Creating a new Xamarin.Android project.

Step 2

Setting up the plug-in for Xamarin.Android application.

Step 3

Implementing jsoup in Xamarin.Android application.

Step 1 - Creating new Xamarin.Android Projects

Create a new project by selecting New >> Project, and select Android App followed by a click on OK.

Xamarin

Step 2 - Setting up the plug-in for Xamarin.Android application

In this step, we will include the jsoup plug-in for Xamarin.Android Project. Open NuGet Package Manager against the project and do search for jsoup.
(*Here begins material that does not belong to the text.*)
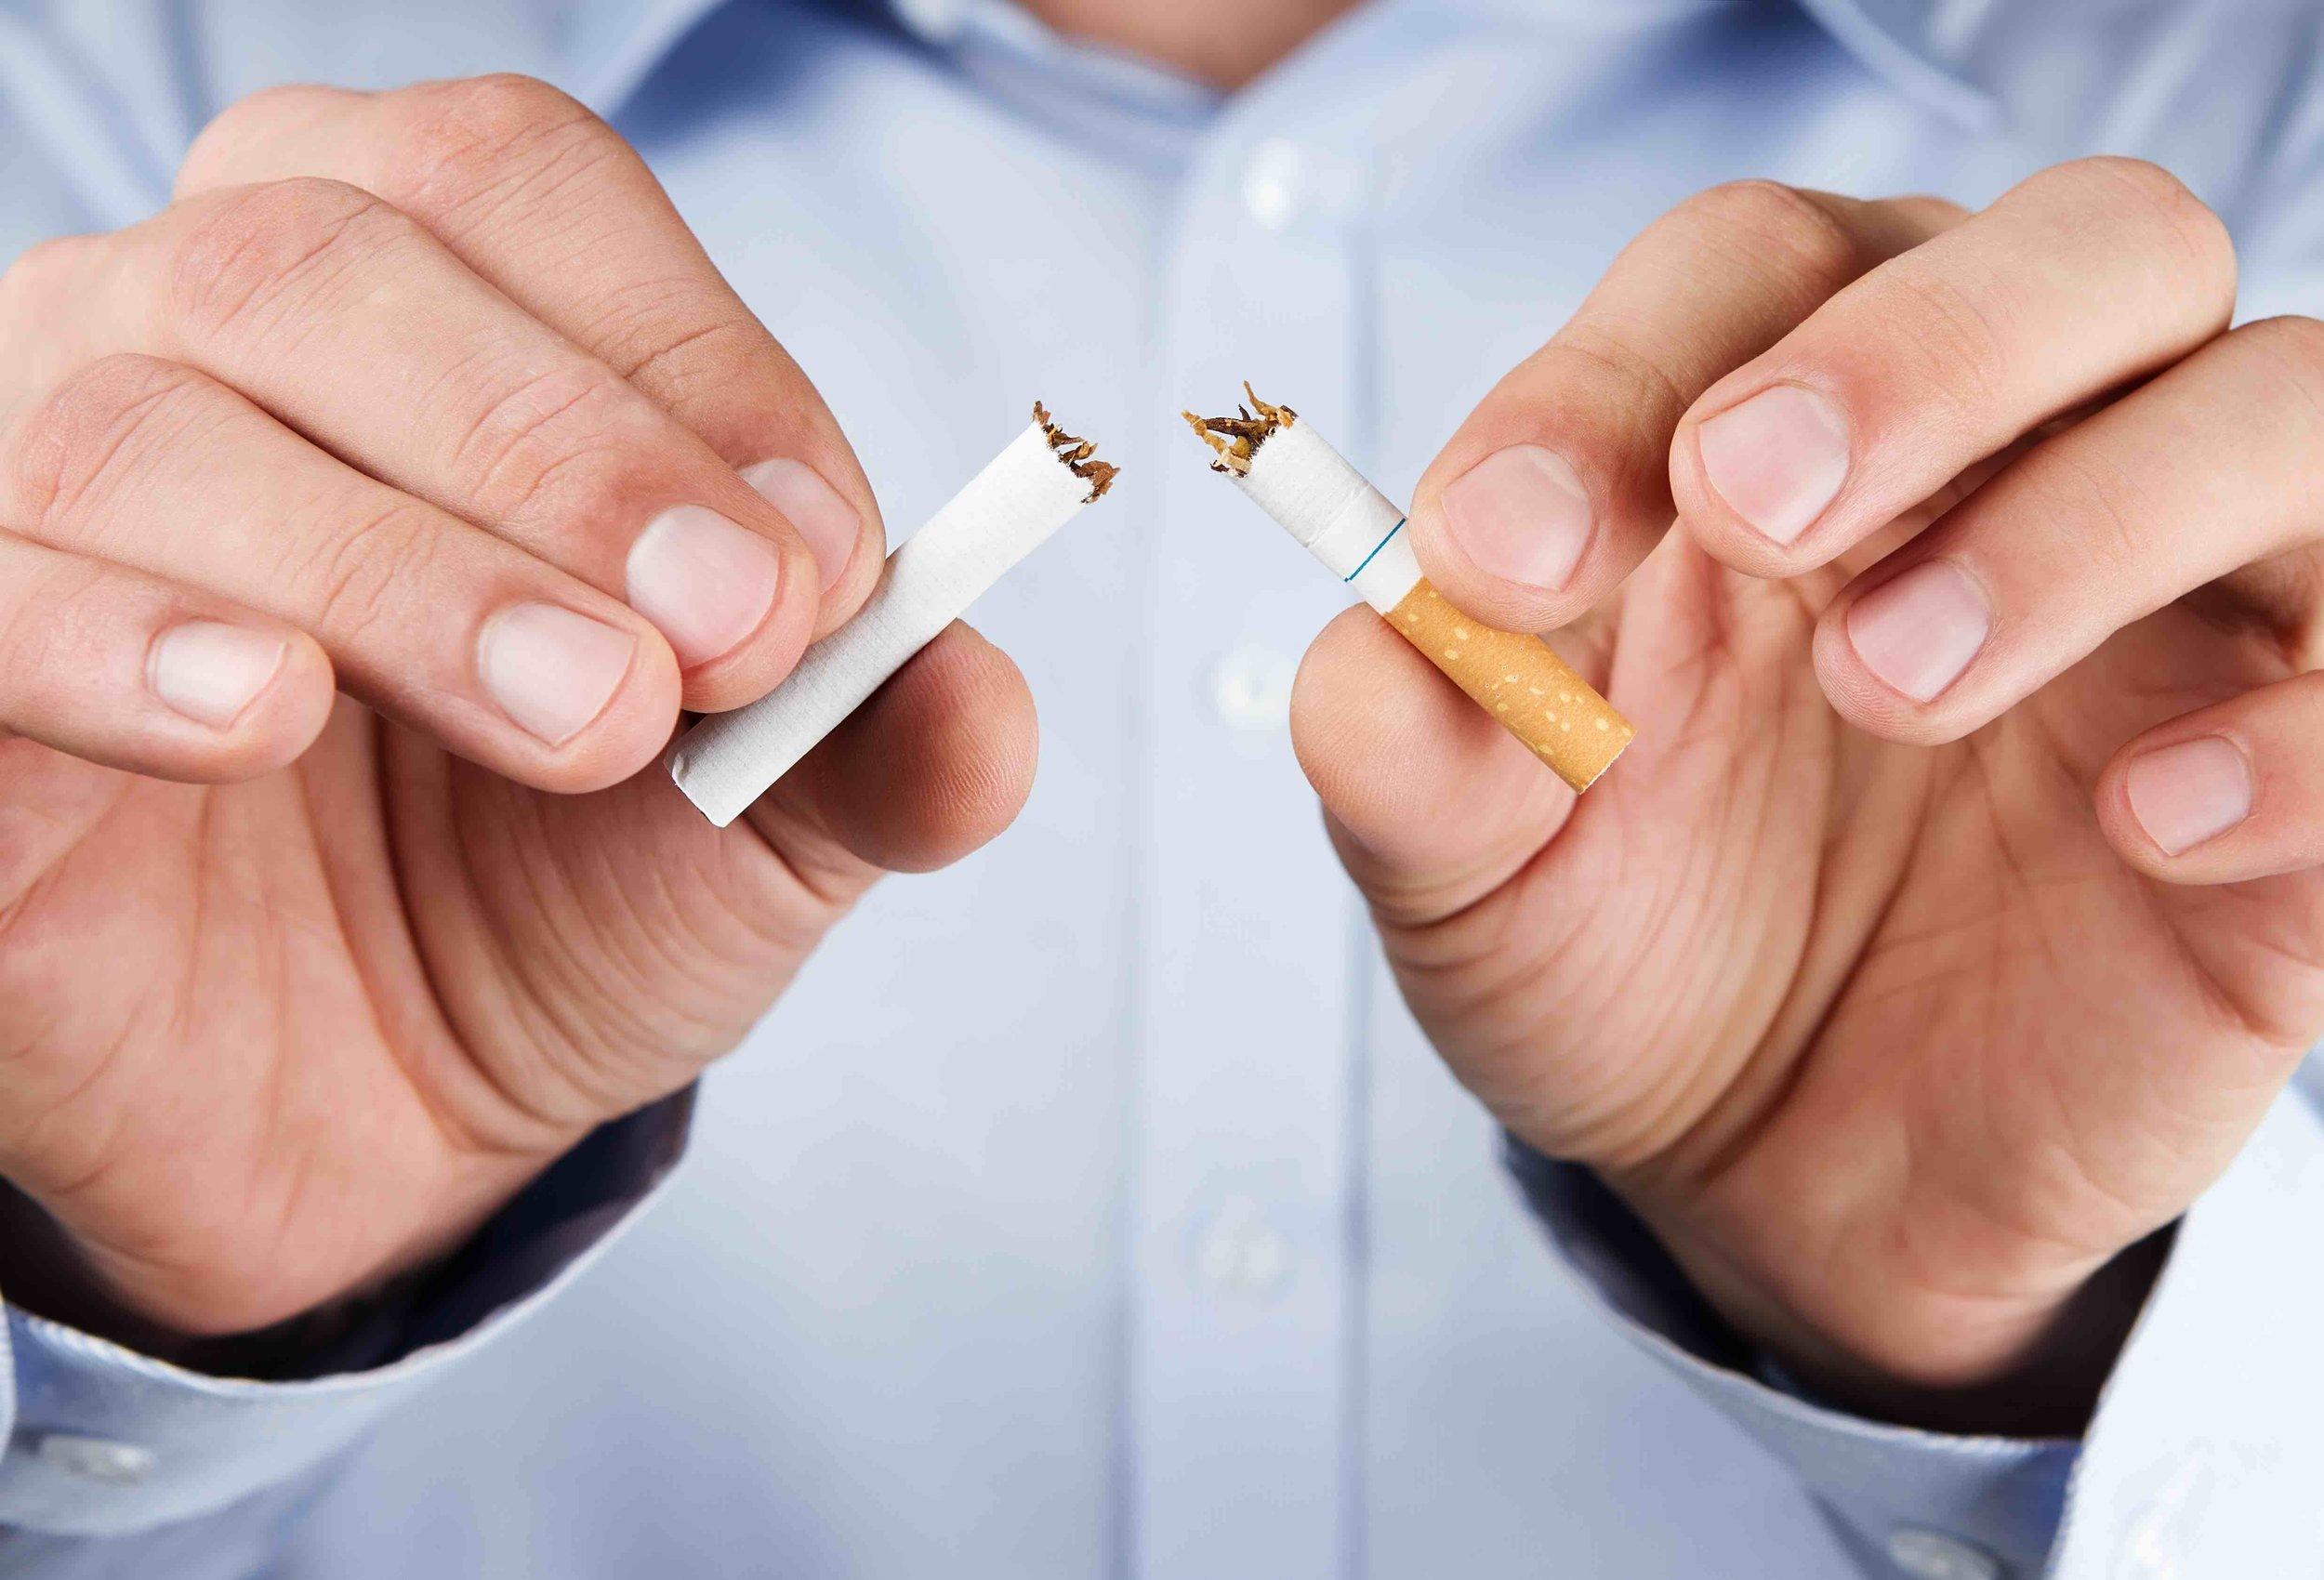 Hör heute noch auf und beginne dein neues Leben. Rauchentwöhnung ohne Gewichtszunahmen und ohne Schmacht nach der nächsten Zigarette ist möglich.

Select the jsoup package from the list and click "Install" to add the library or paste the following in Package Manager Console to install the NuGet plugin.
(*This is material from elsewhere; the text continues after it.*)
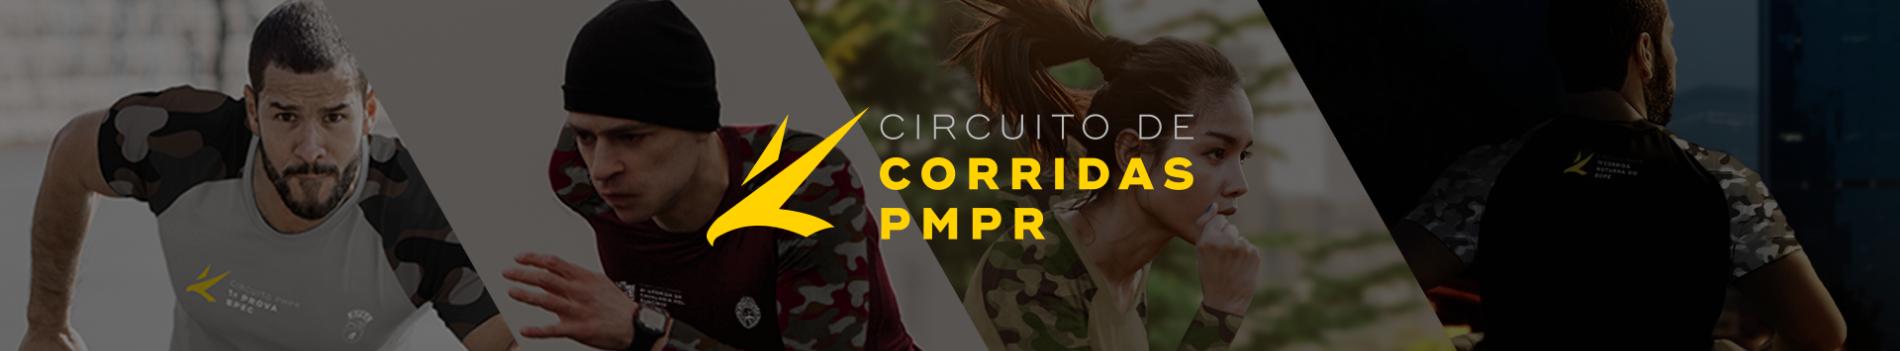 CIRCUITO PMPR - COMBO ETAPAS - Imagem de topo

Install-Package Jsoup -Version 1.0.0

Xamarin

Step 3 - Implementing jsoup in Xamarin.Android application

In this part, we will see how to implement Jsoup to parse an HTML page or link.

  • Open your MainActivity.cs and paste the following code.
    1. Document doc = Jsoup.Connect("https://androidmads.blogspot.in/").Get();  
    2. Element link = doc.Select("img").First();  
    3. link.AbsUrl("src"); 
  • Here, the document used to make the web page is given as a singles file or document.
  • Consist of Elements and TextNodes.
  • Document extended from Elements or Nodes and TextNodes are extended from Nodes.
  • In the above example, the page from https://androidmads.blogspot.in link is retrieved and assigned to Document.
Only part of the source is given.